If we accept the segregation hypothesis, which is similar in purport to that advanced by Roux as the' mosaic theory,' it must strike us as remarkable that the chromatin mass of the nucleus does not become notably smaller in the course of ontogeny, and even ultimately sink to invisibility. Determinants lie far below the limits of visibility, and if there were really only a single determinant to control each cell there would be no chromatin visible in such a case. This objection has in point of fact been urged against me, although I expressly emphasized in advance the assumption that the determinants are continually multiplying throughout the whole ontogeny, so that in proportion as the number of the kinds of determinants lying within a cell diminishes the number of resting determinants of each kind increases. When, finally, only one kind of determinant is present there is a whole army of determinants of that kind.

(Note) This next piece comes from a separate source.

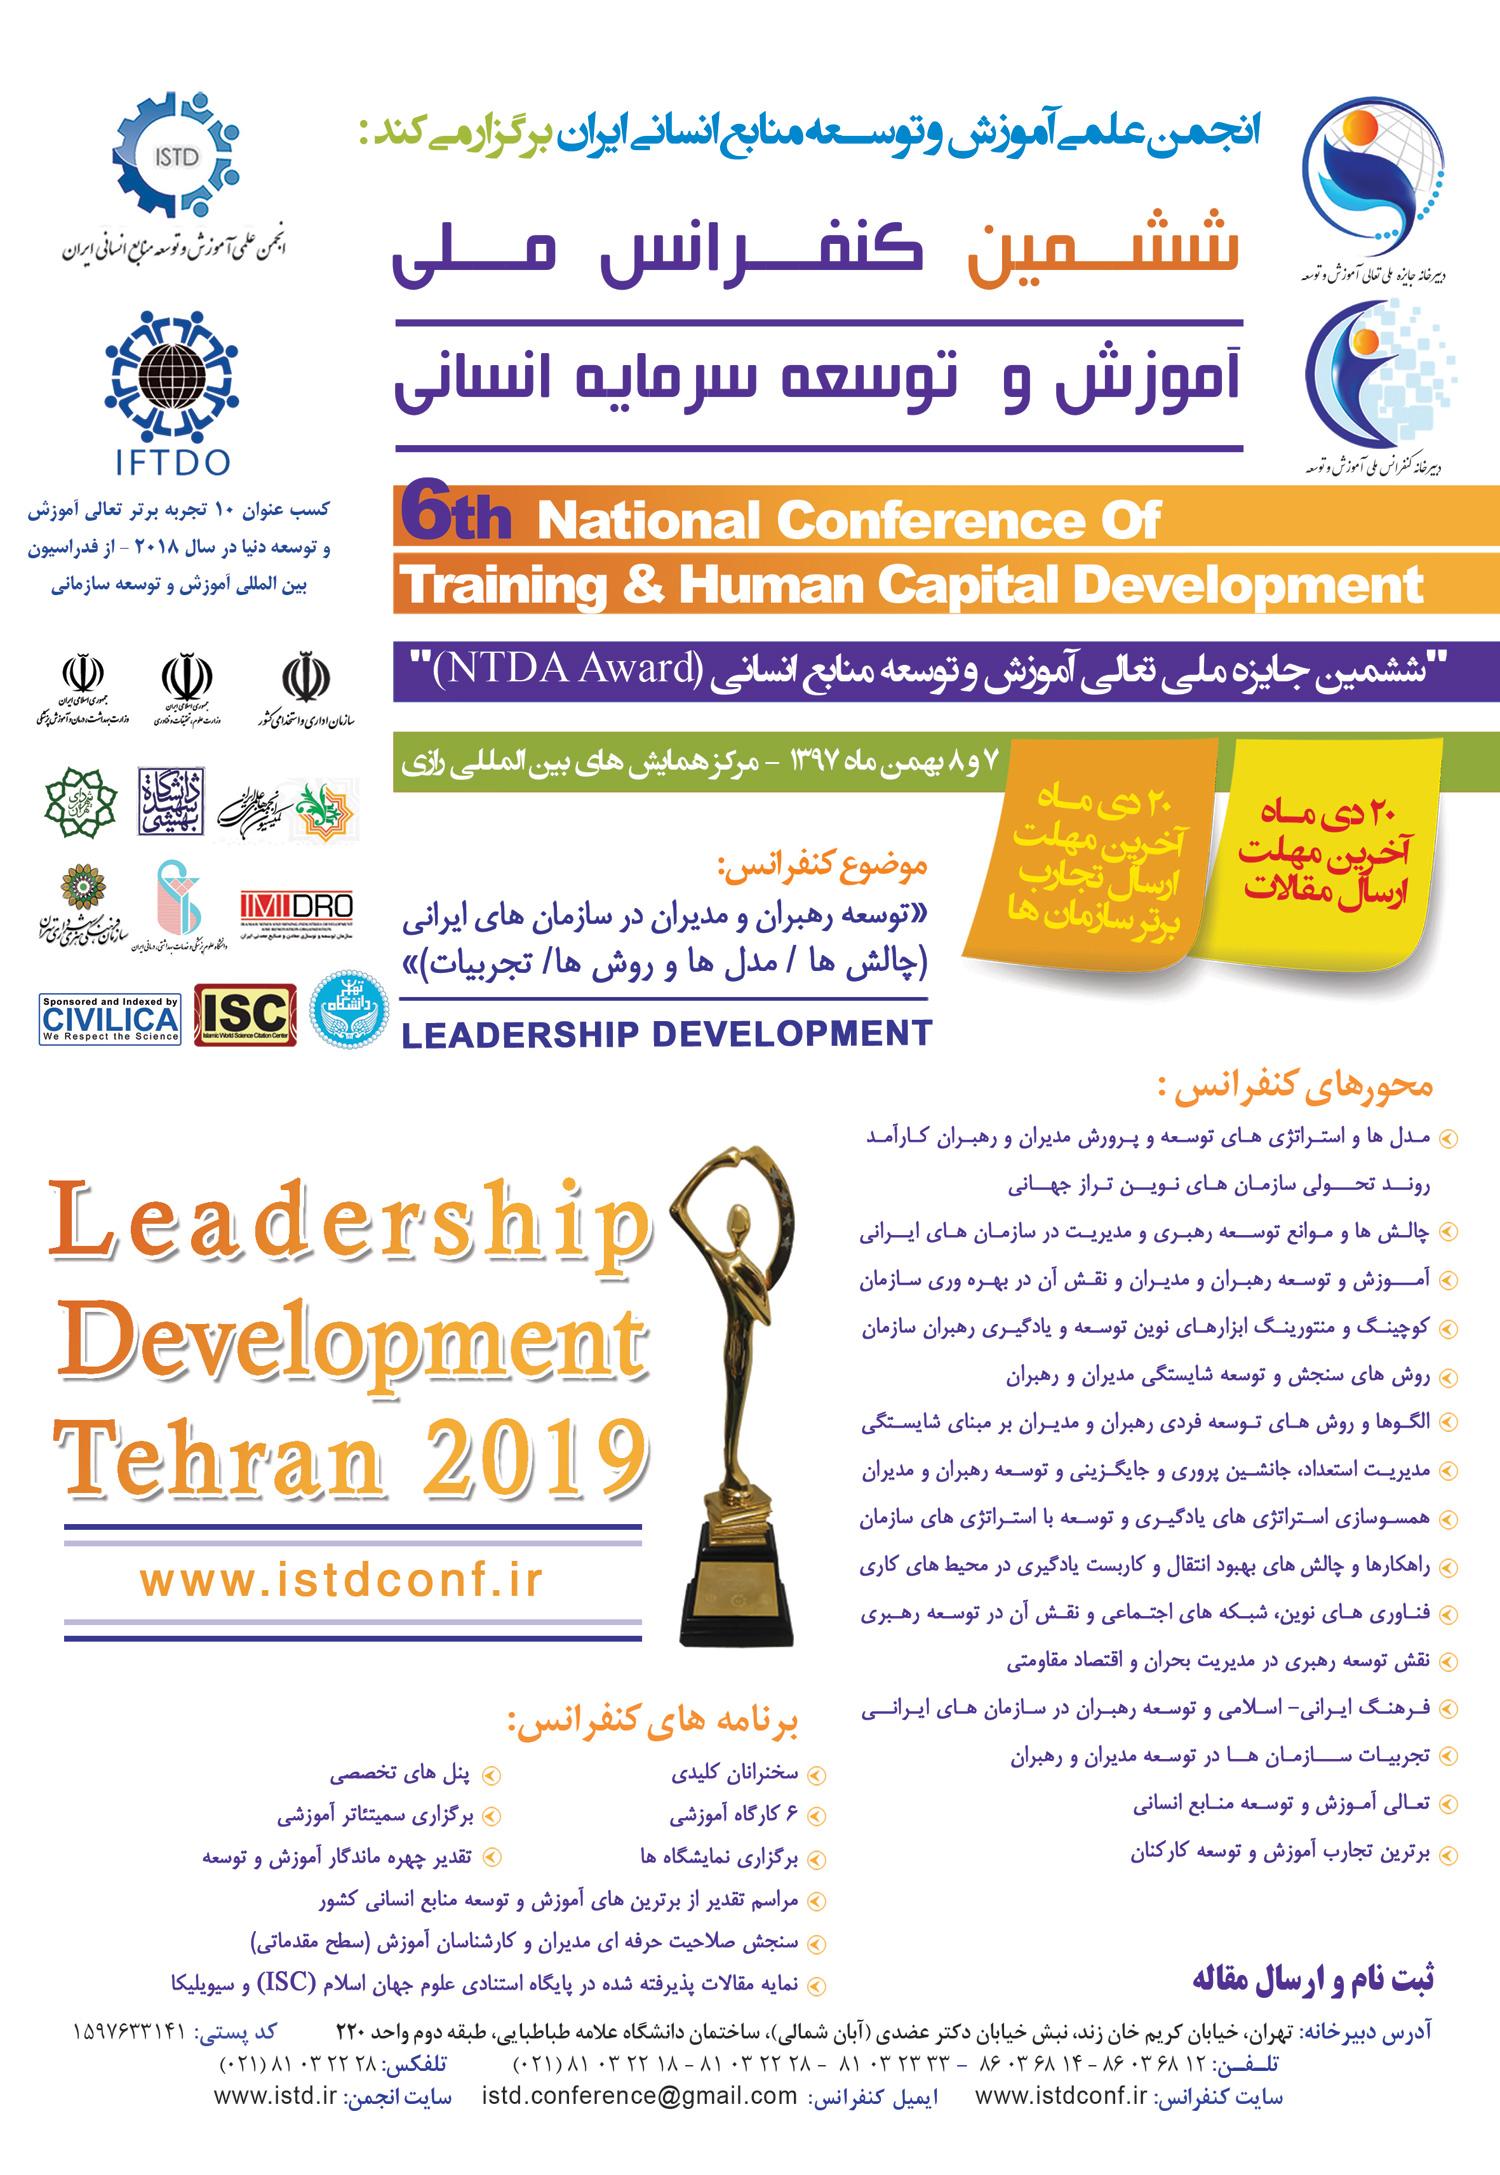 برگزاری ششمین کنفرانس ملی آموزش و توسعه سرمایه انسانی ۷ و ۸ بهمن ماه سال ۱۳۹۷  توسط انجمن آموزش و توسعه منابع انسانی

It follows from this conception of the gradual segregation of the components of the id in the course of development that we must attribute to the determinants two different states, at least in regard to their effect upon the cell in which they lie: an active state, in which they control the cell, and a passive state, in which they exert no influence upon the cell, although they multiply. From the egg onwards, therefore, a mass of determinants is handed on by the cell-divisions of embryogenesis, which will only later become active.

My conception of the manner in which the determinants become active is similar to that suggested by De Vries in regard to his 'Pangens,' very minute vital particles which play a determining part in his 'pangen theory,' similar to that filled by the determinants in my germ-plasm theory. It seems to me that the determinants must ultimately break up into the smallest vital elements of which they are composed, the biophors, and that these migrate through the nuclear membrane into the cell-substance. But there a struggle for food and space must take place between the protoplasmic elements already present and the newcomers, and this gives rise to a more or less marked modification of the cell-structure.